The Oulipians wanted to avoid the unconscious automatisms of the Surrealists, but the conscious use of structures in their writing produced what they could not avoid describing as "automatic". Le Lionnais admitted that "it is true that the birth of machines has modified the current sense of the word 'automatic'" [Bens 1980, 185]. The Oulipo recognized that the problem of using computers to create texts stemmed from the writer's inability to remain aware of how the machine applied constraints.
In the 1970s the Oulipo introduced the notion of the clinamen, which helped to resolve this dilemma. Based on a conception of the movement of atoms in Lucretius' On the Nature of Things, the clinamen is the primordial anti-constraint: it makes creation possible by introducing chance and spontaneity in an ordered universe [Motte 1986b]. The Oulipo recovered a sense of the unexpected in the constraints they used..."
- Digital Humanities (journal) at Hartwick College, 2007
(http://digitalhumanities.org/dhq/vol/1/1/000005/000005.html)
2. Serendipity
Oxford English Dictionary:
"The occurrence of events by chance in a beneficial way"
I recently met someone who recounted a lecture he'd attended at Edinburgh recently given by Malcolm Gladwell (author of The Tipping Point among other things). The subject was serendipity and purportedly Gladwell described three levels of serendipity:
i) Columban
ii) Archimedean
iii) Galilean
The lecture is not available online as far as I can tell and I can't find any information about this sketched out concept either. Below are my interpretations of the anecdote relayed...
i) Columban
Christopher Columbus set sail for India but intended to approach it the long way, by sailing west. Of course we all know he hit the Americas.
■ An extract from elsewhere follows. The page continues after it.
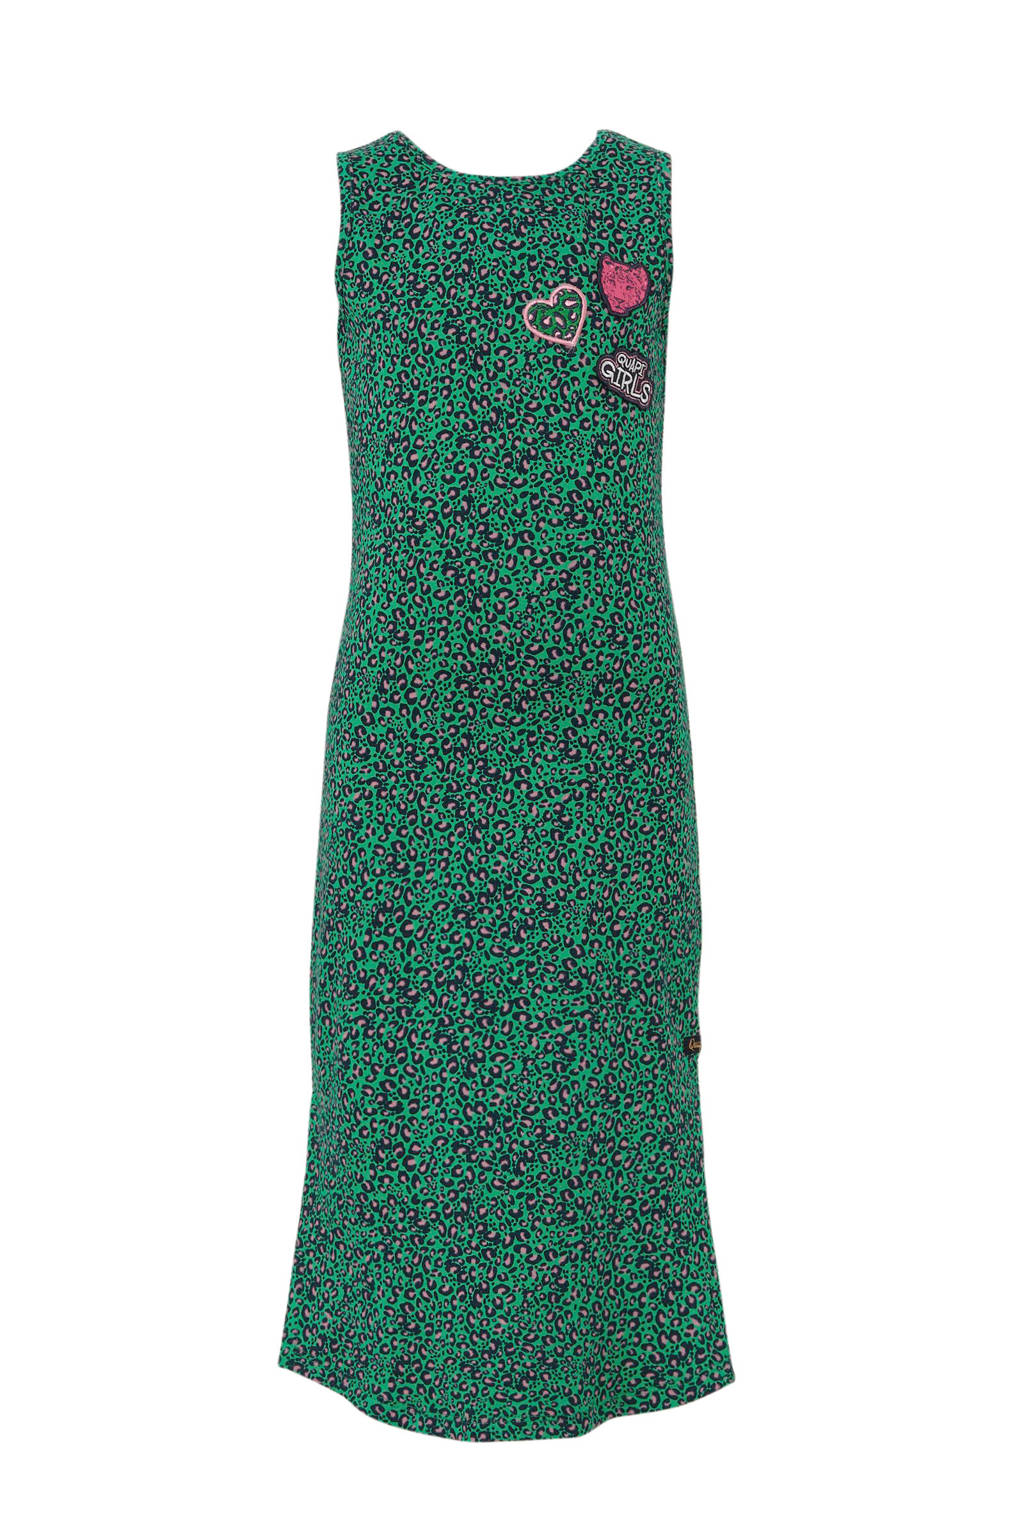 Betere Quapi maxi jurk Alley met panterprint groen/zwart | wehkamp VG-74

This then is an example of what I hesitantly call accidental serendipity. Columbus was not looking for the Americas; he intended to land elsewhere and yet he stumbles upon this discovery.
ii) Archimedean
So you know the story about Archimedes in the bath... He had been thinking about a way to work out the volume of matter, and one evening or whatever he was in the bath, and Eureka. This is coincidental serendipity in that although he was not actively seeking a solution through experiments with water, the problem and the bath had a potential relationship which he discovered by coincidence. Perhaps up until this moment whilst indulging in baths he usually had a massage which distracted him...
iii) Galilean
This is the third level. Galileo was actively seeking evidence to support his theory that the planets orbited the sun and not vice-versa. He looked into space keen to see something that would prove him correct. And on one occasion he witnessed the moons of a distant planet orbiting the planet. This provided him with enough evidence...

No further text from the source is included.